TASK DIRECTIONS: Copy word for word the lines in the records below, starting at the line with "Jessica Ennis-Hill for Powerade" and ending at the line with "Grindaix-Magazin_klein.jpg". Skip the pictures.

SOURCE DATA:
____

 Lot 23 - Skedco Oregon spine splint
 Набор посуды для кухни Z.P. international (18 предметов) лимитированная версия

____

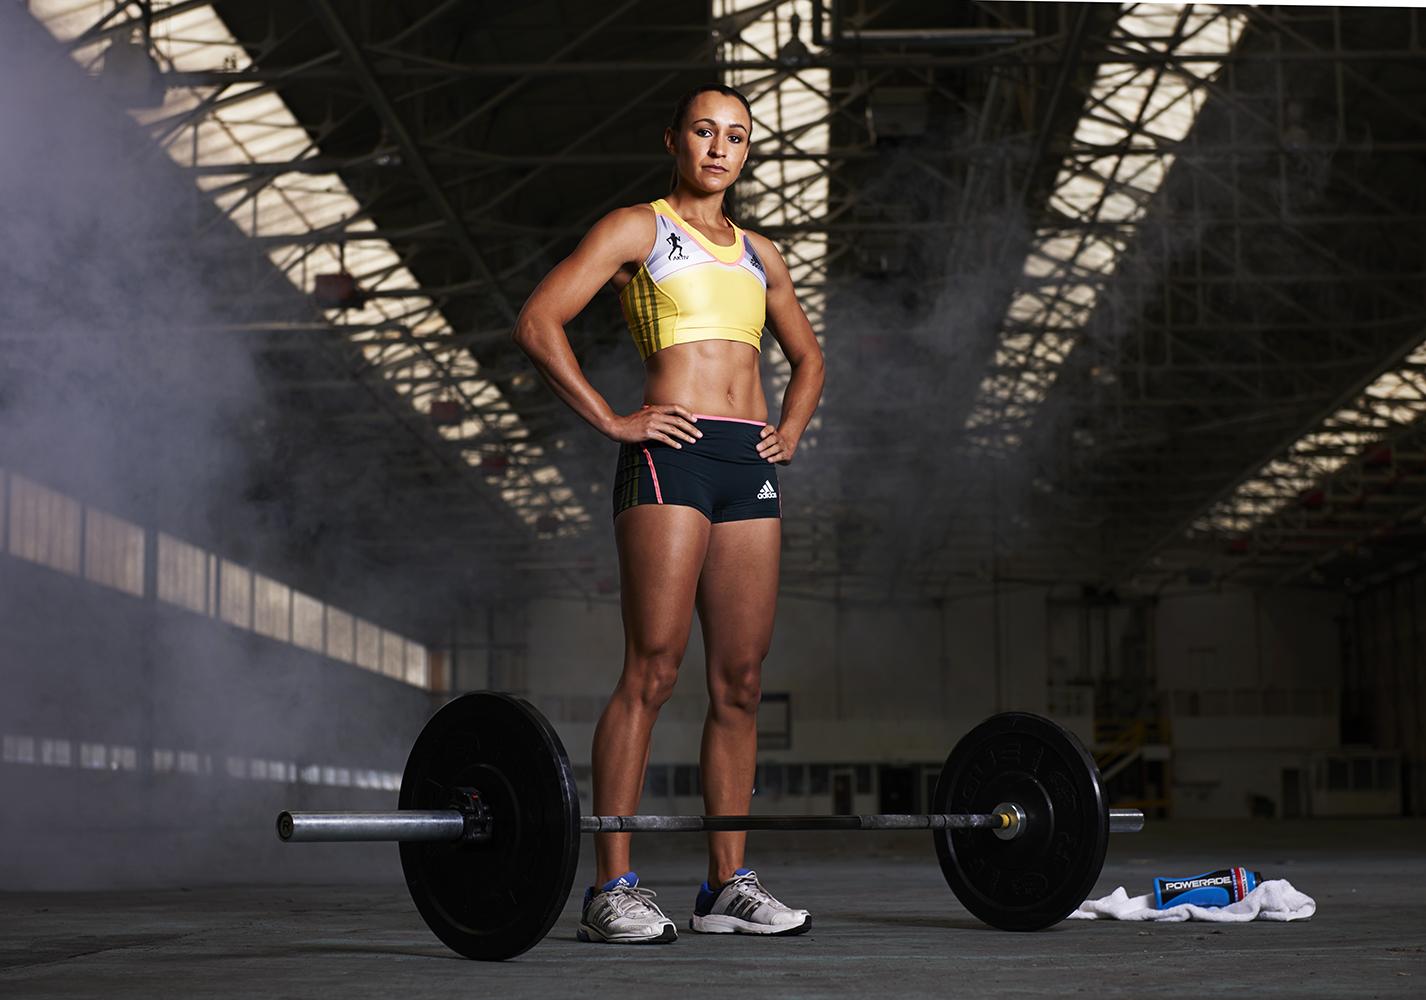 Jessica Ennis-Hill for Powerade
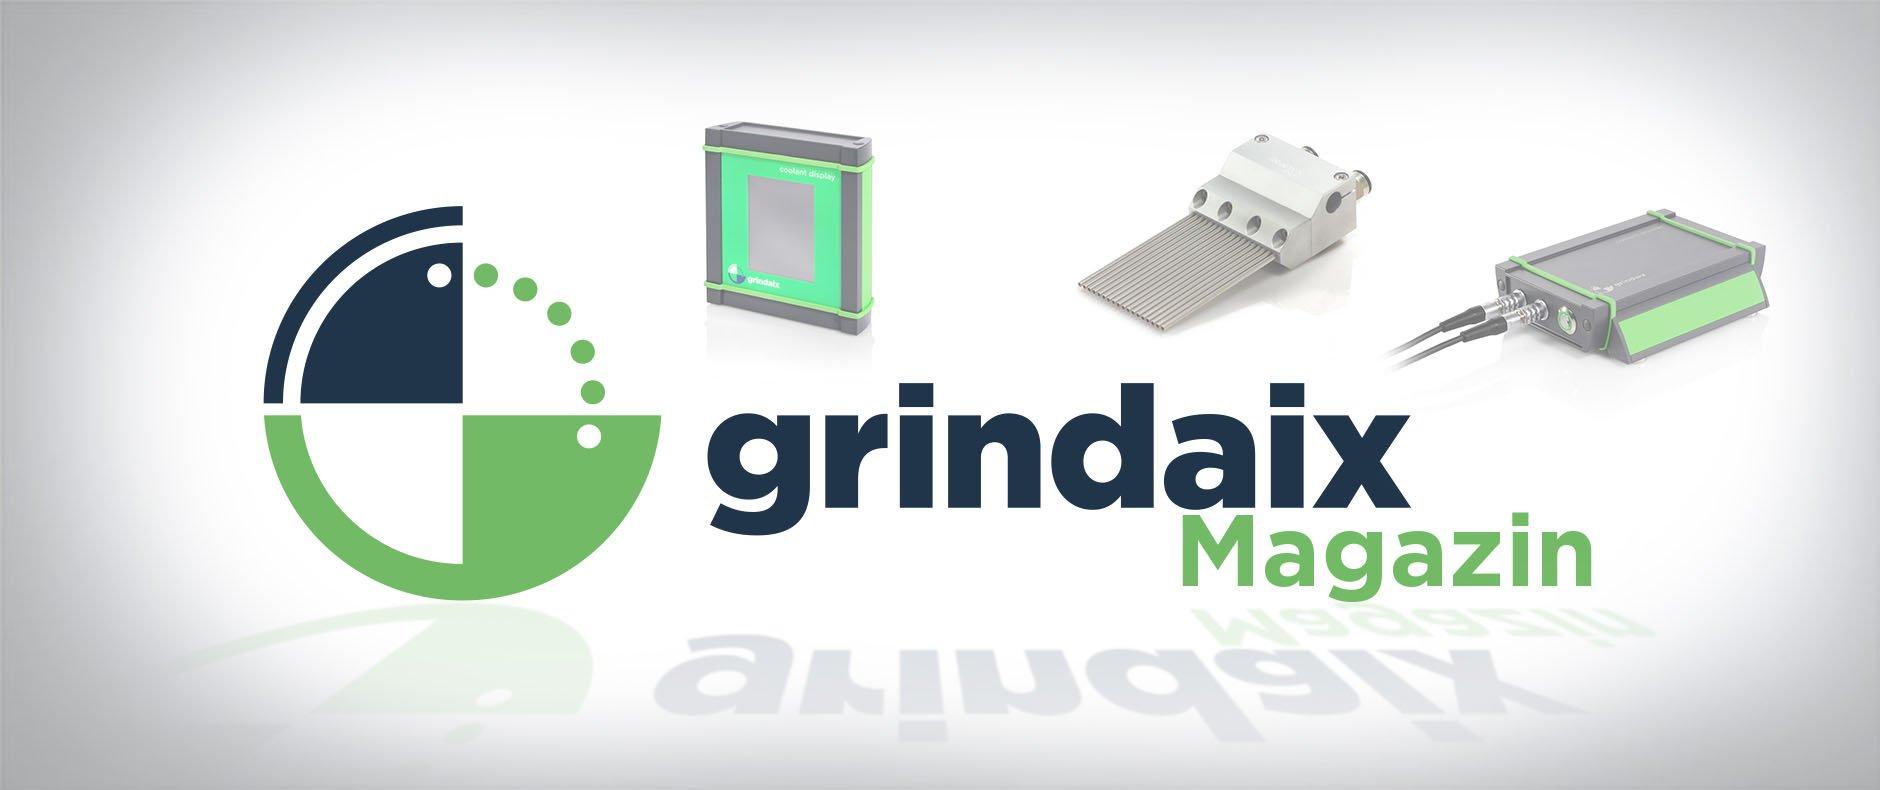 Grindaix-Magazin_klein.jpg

____

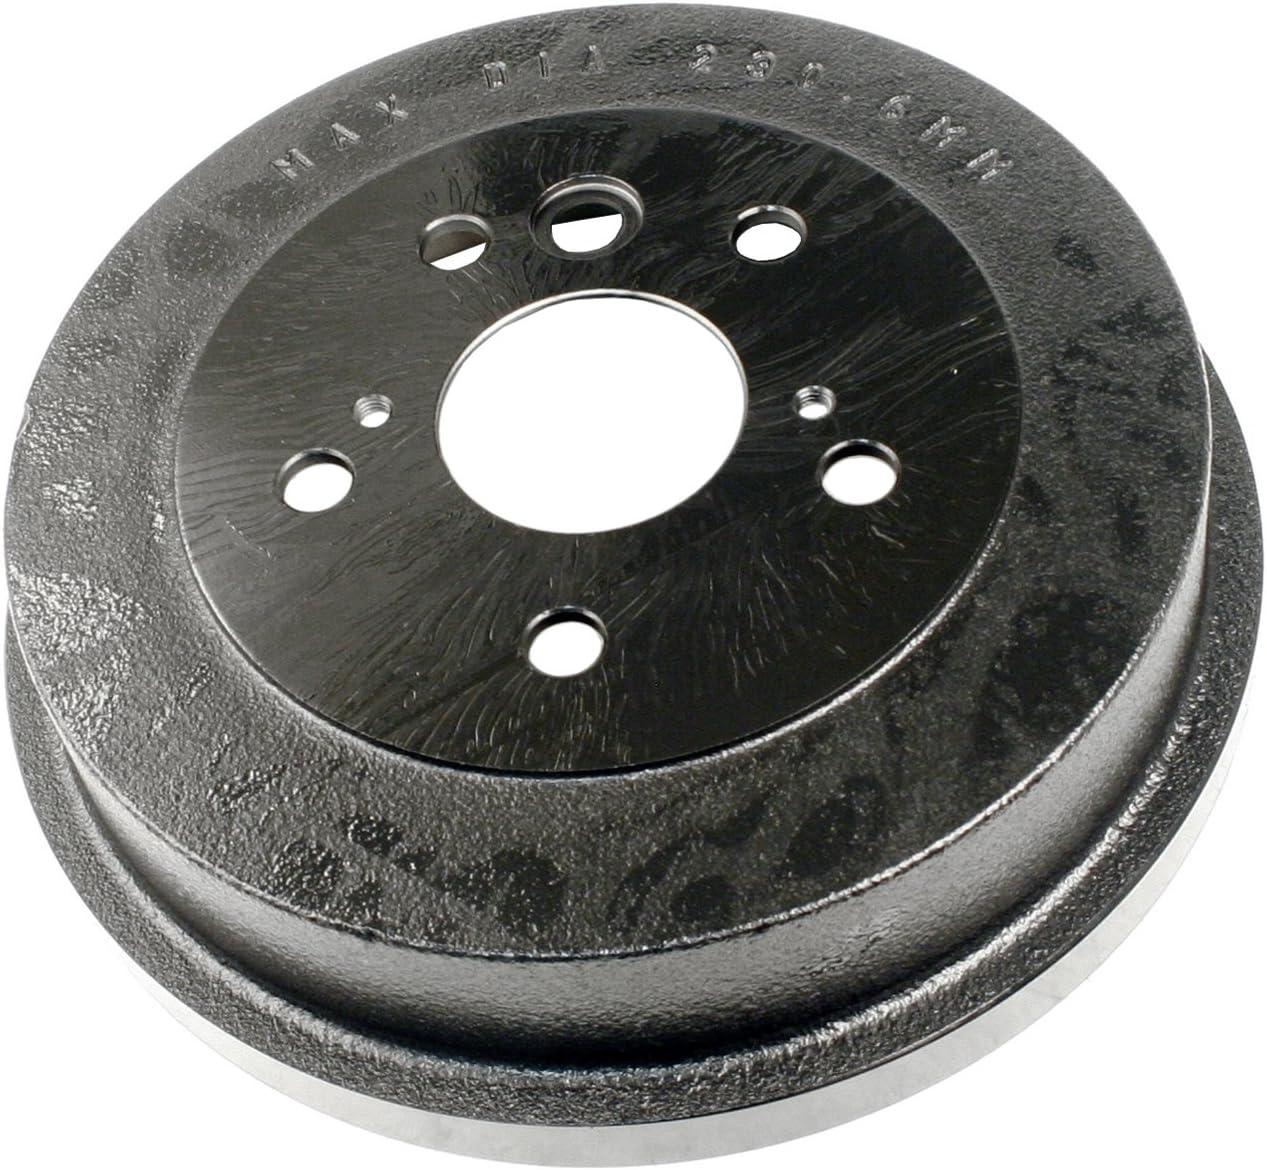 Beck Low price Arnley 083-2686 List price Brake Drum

____

ANSWER SPACE:
 Jessica Ennis-Hill for Powerade
 Grindaix-Magazin_klein.jpg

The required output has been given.